Start of Block
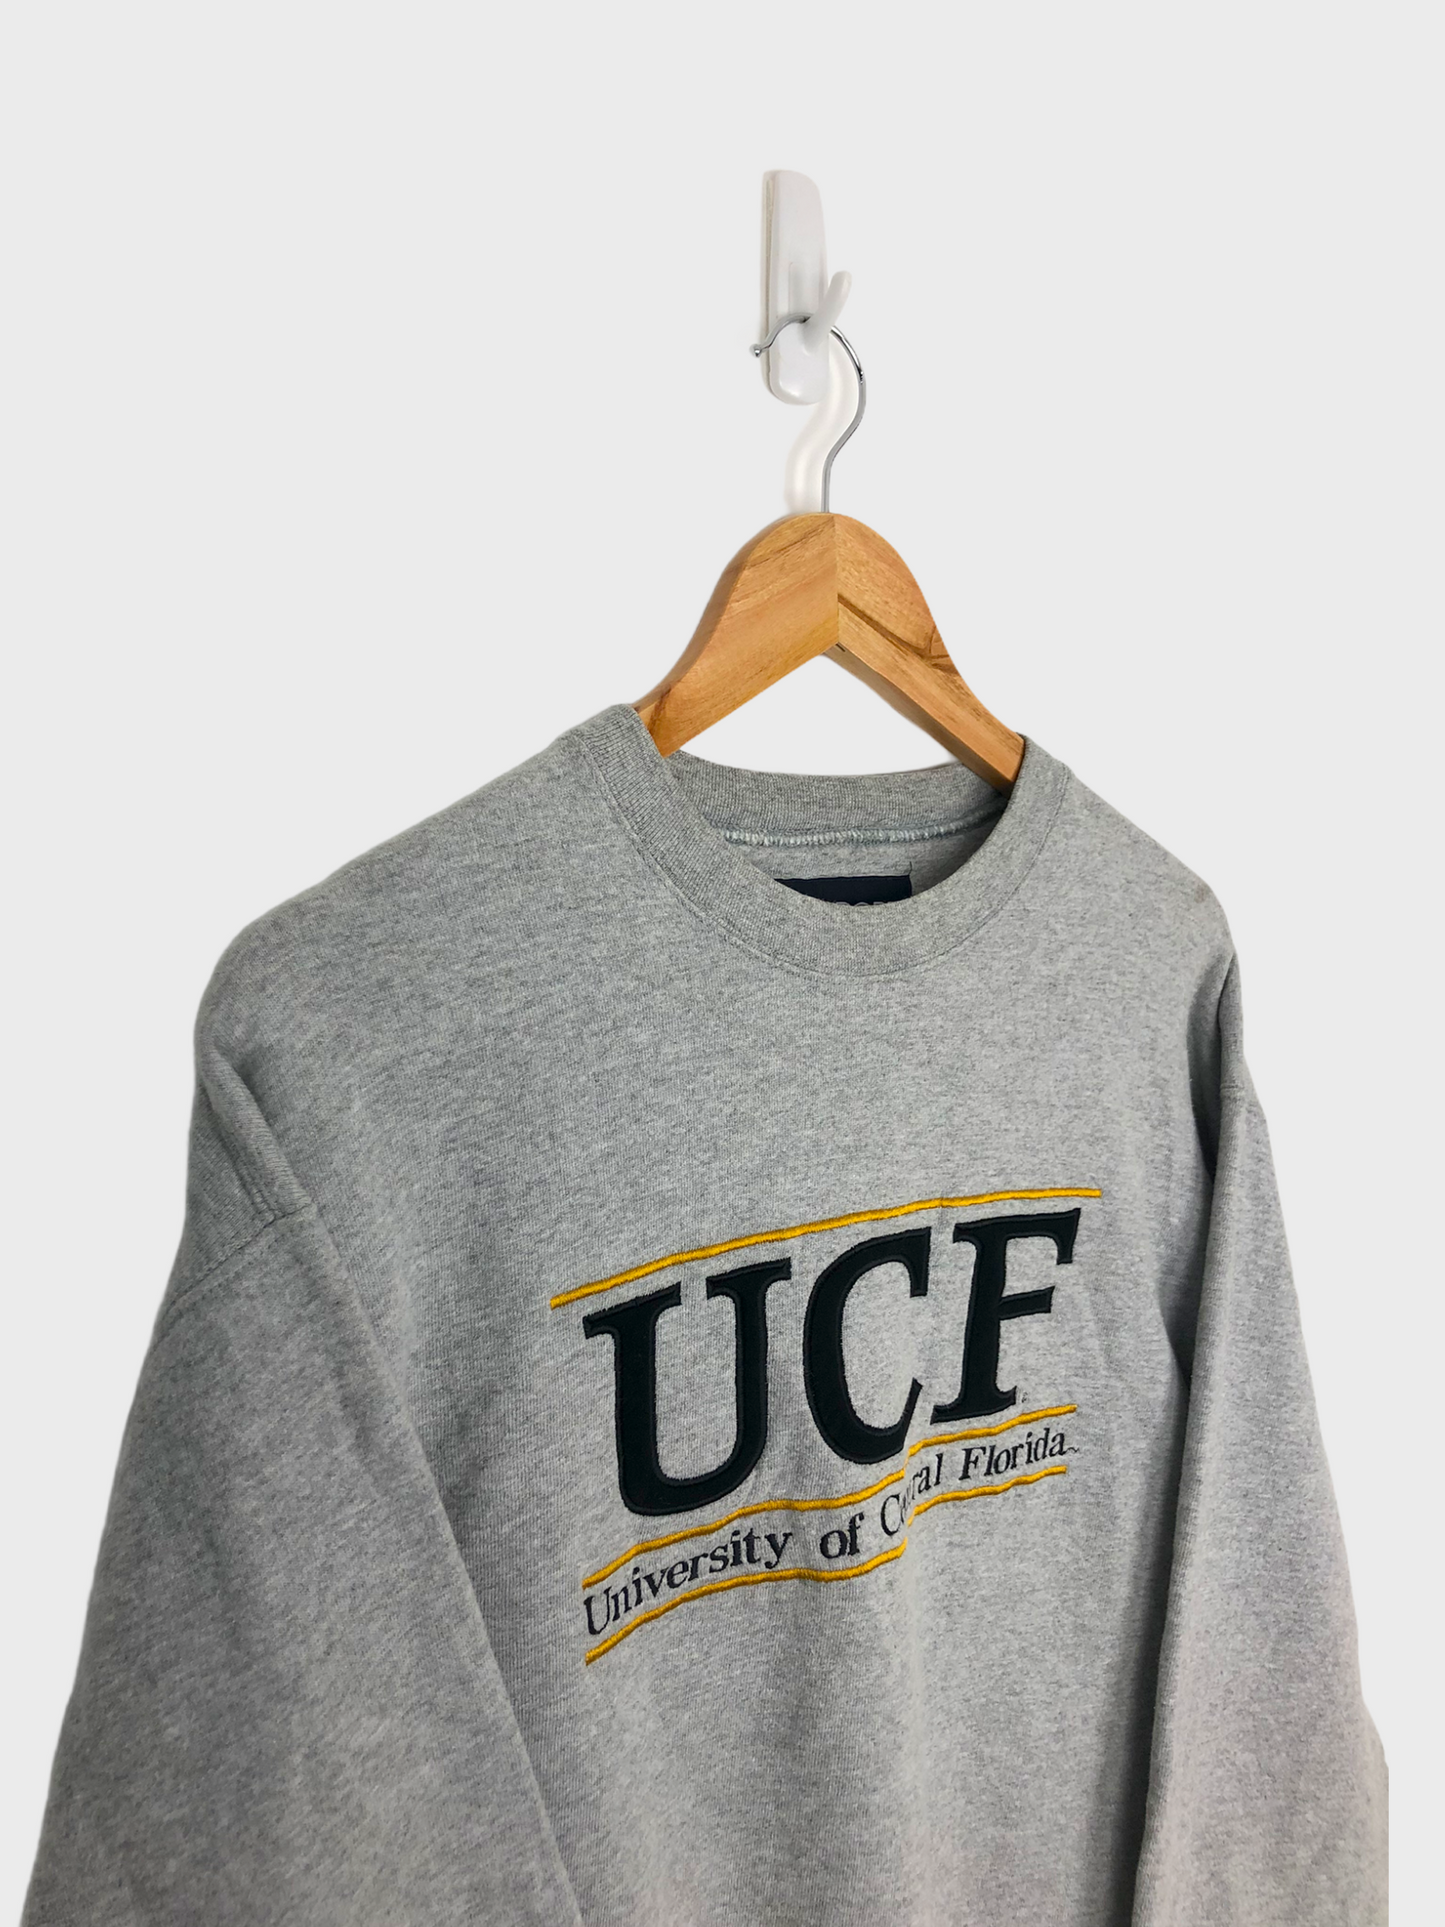 90's Central Florida Embroidered Vintage Sweatshirt Size 10-12
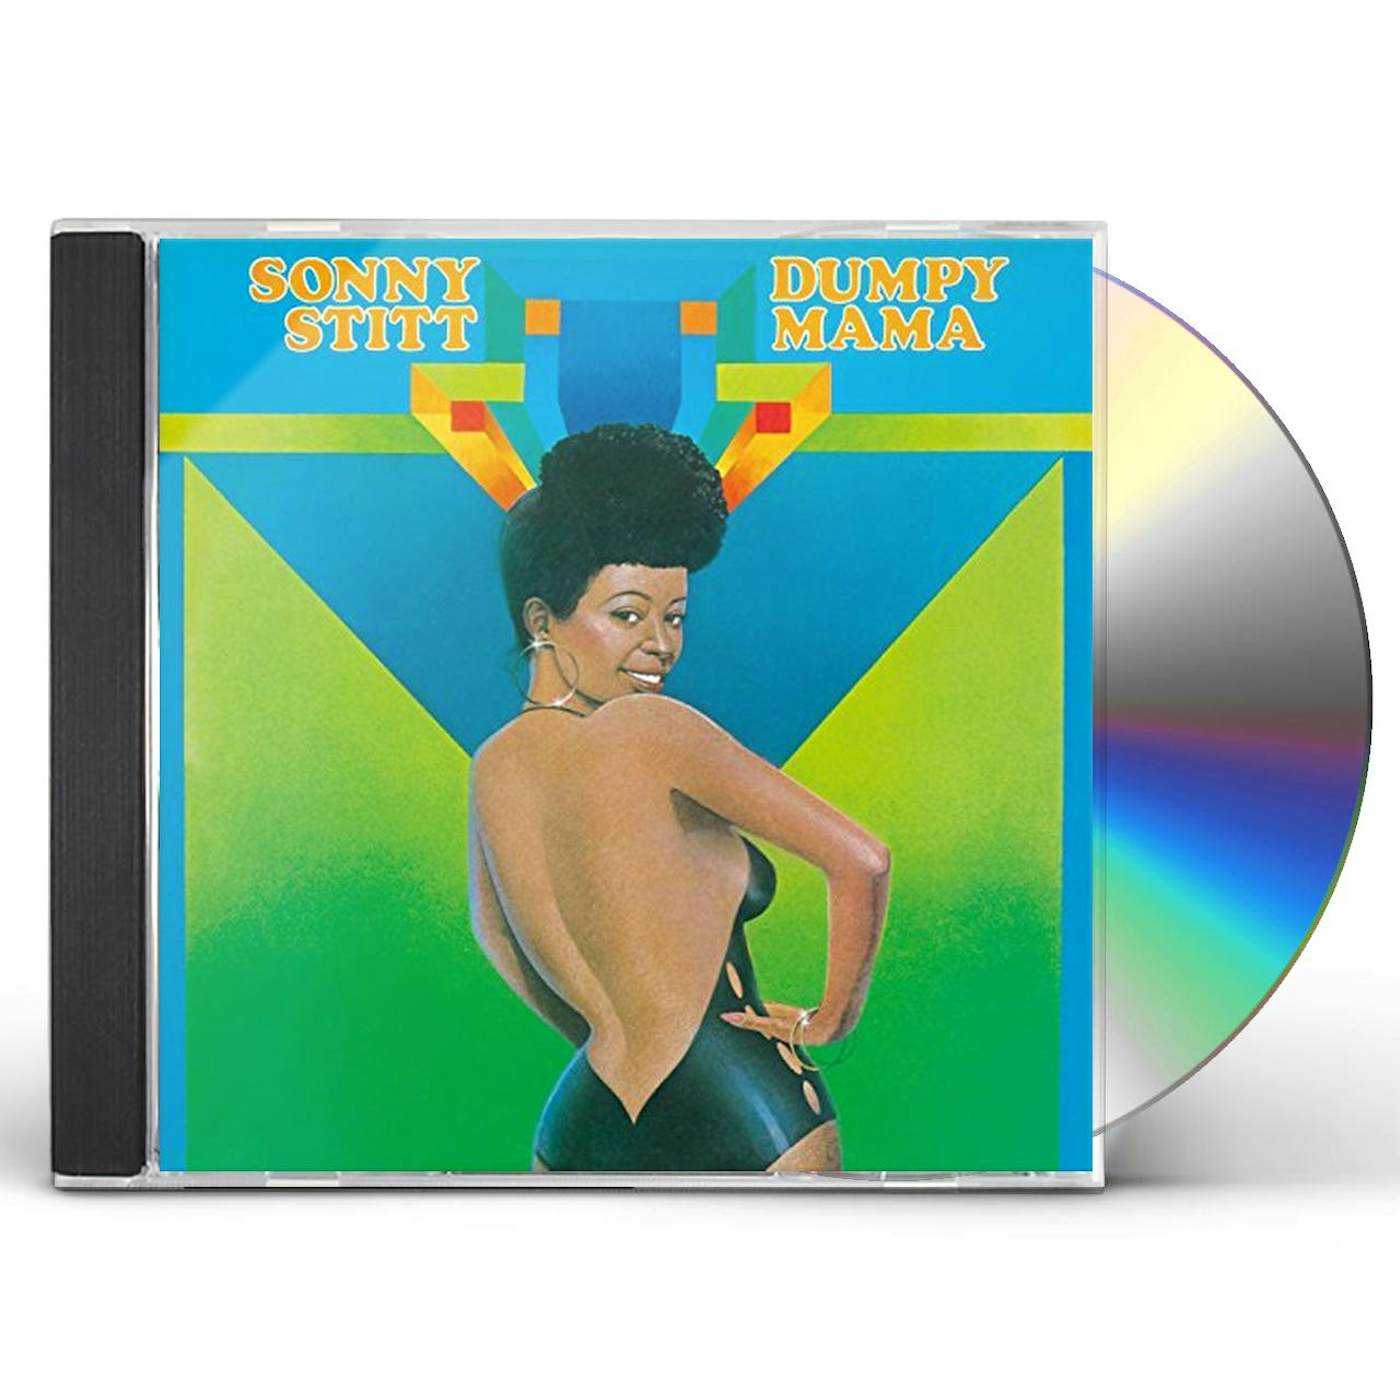 Sonny Stitt DUMPY MAMA CD
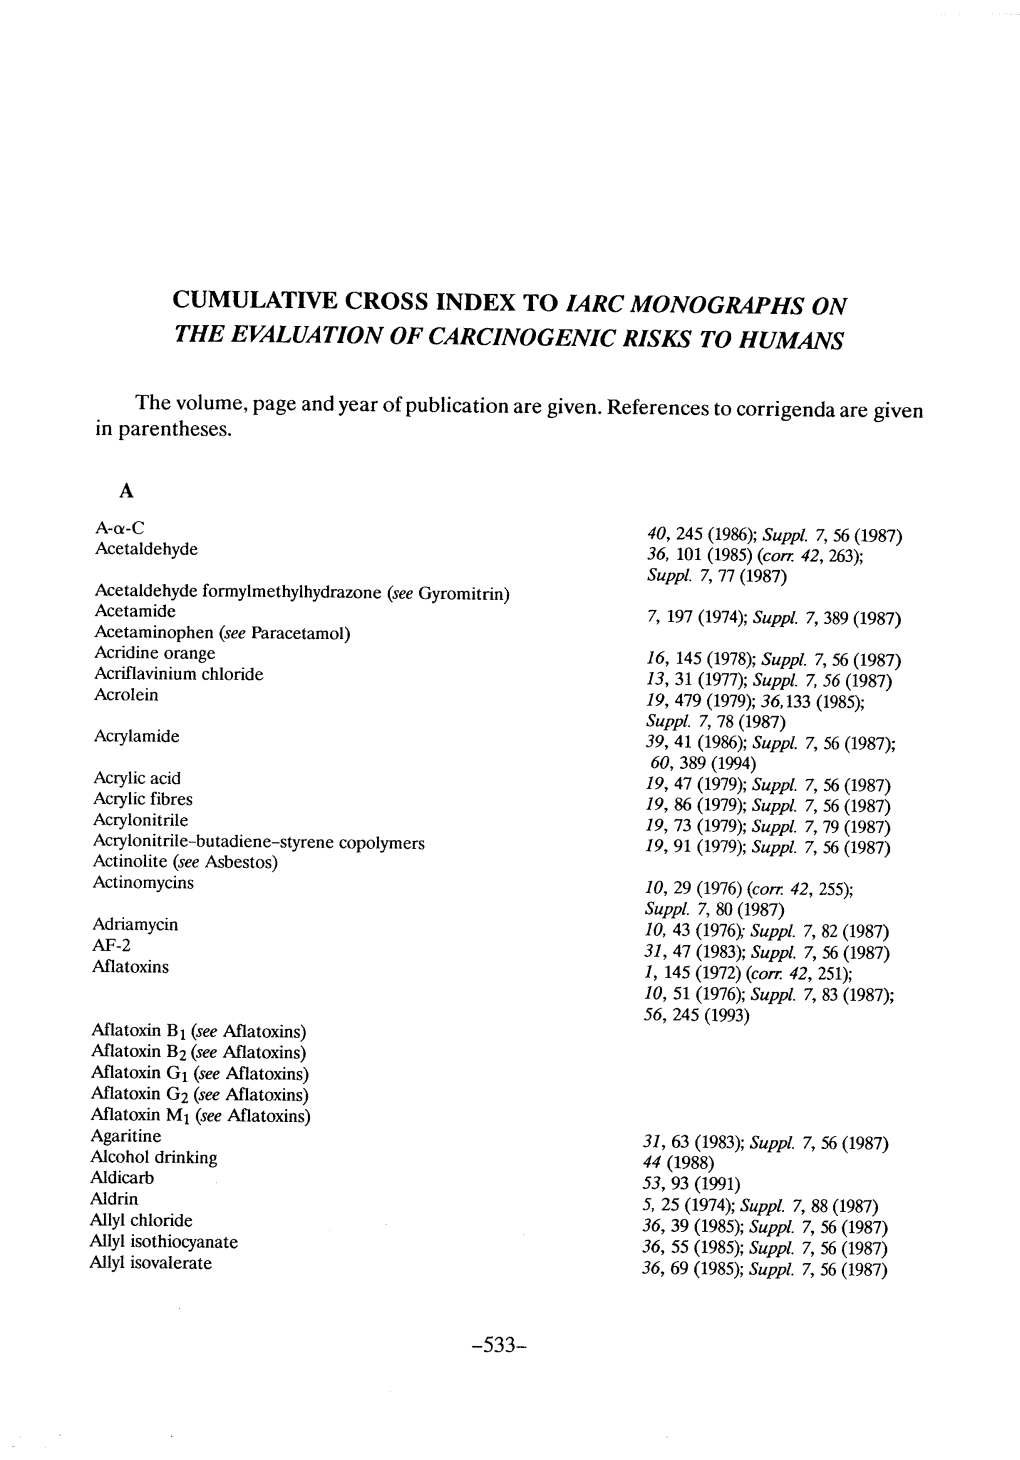 Cumulative Cross Index to IARC Monographs
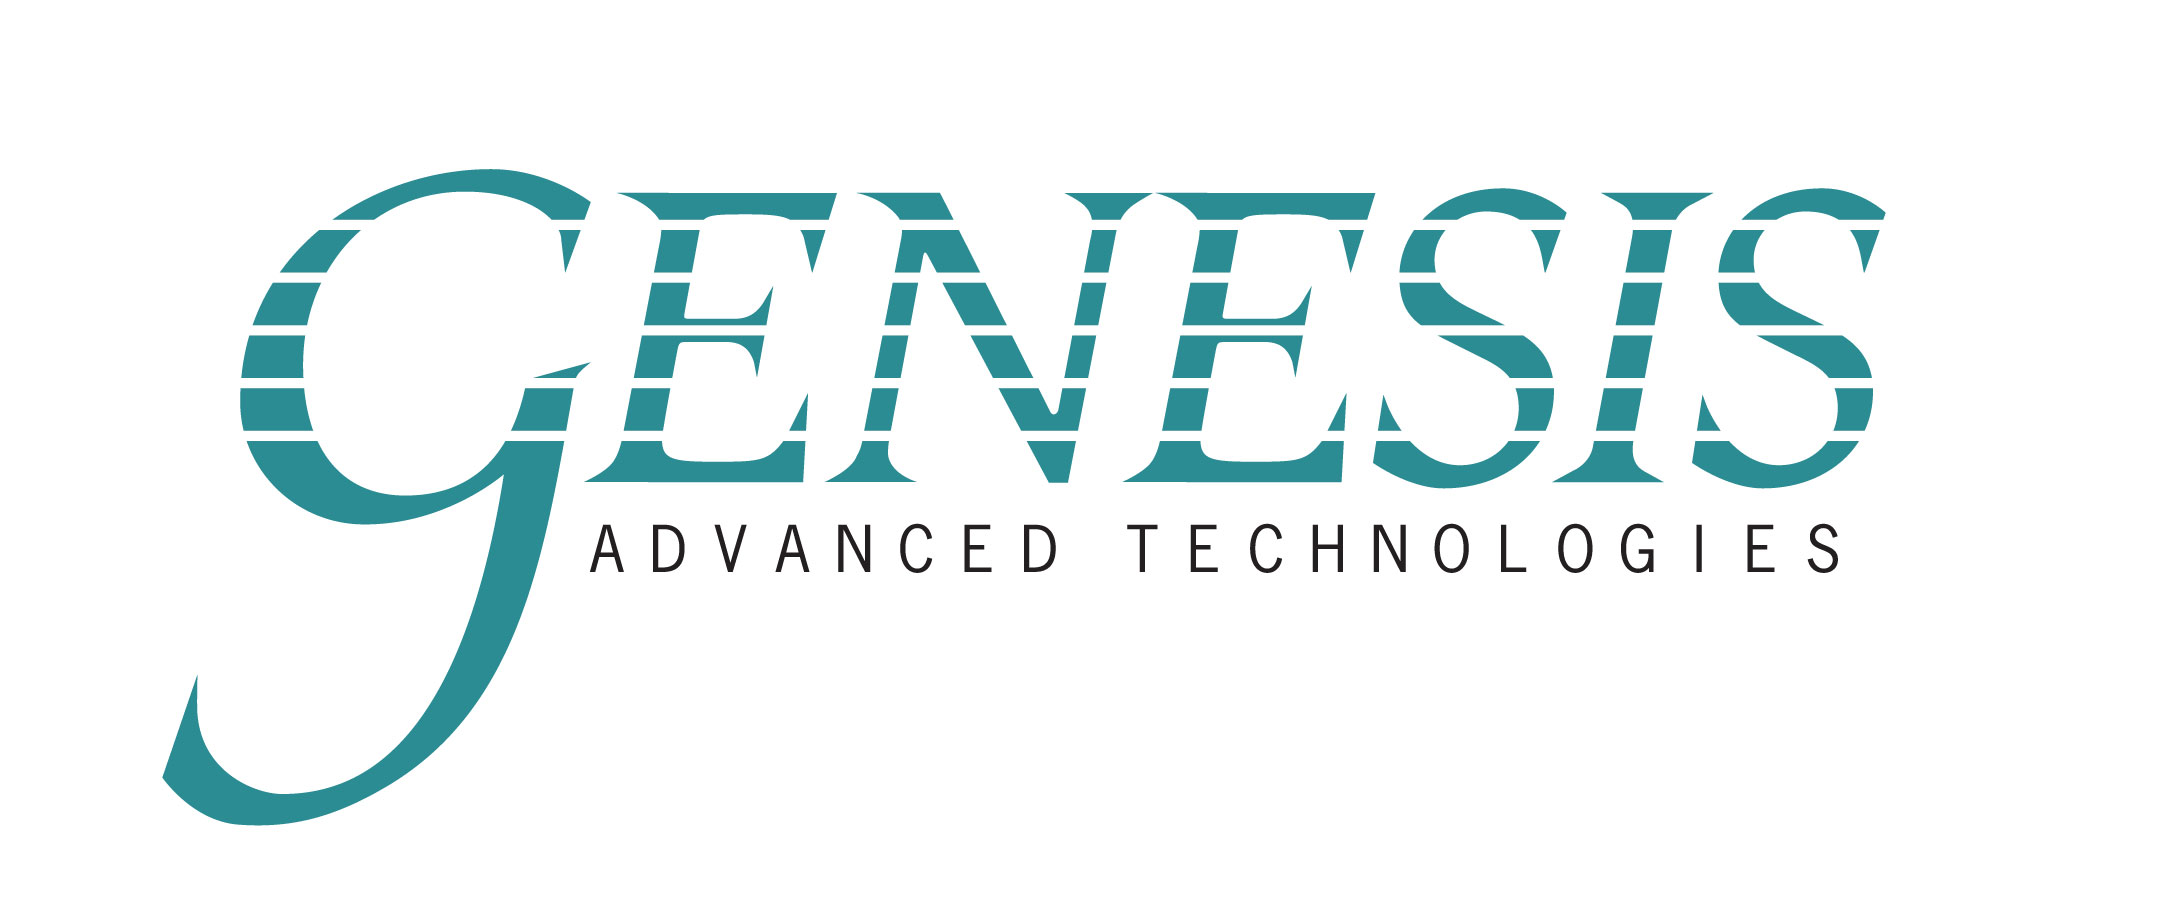 Genesis Advanced Technology
End of Block
- _Problem description_
Reproduce the full listing verbatim so that only the pictures are missing.

- _Expected output_
 90's Central Florida Embroidered Vintage Sweatshirt Size 10-12
 Sonny Stitt DUMPY MAMA CD
 Cumulative Cross Index to IARC Monographs
 Genesis Advanced Technology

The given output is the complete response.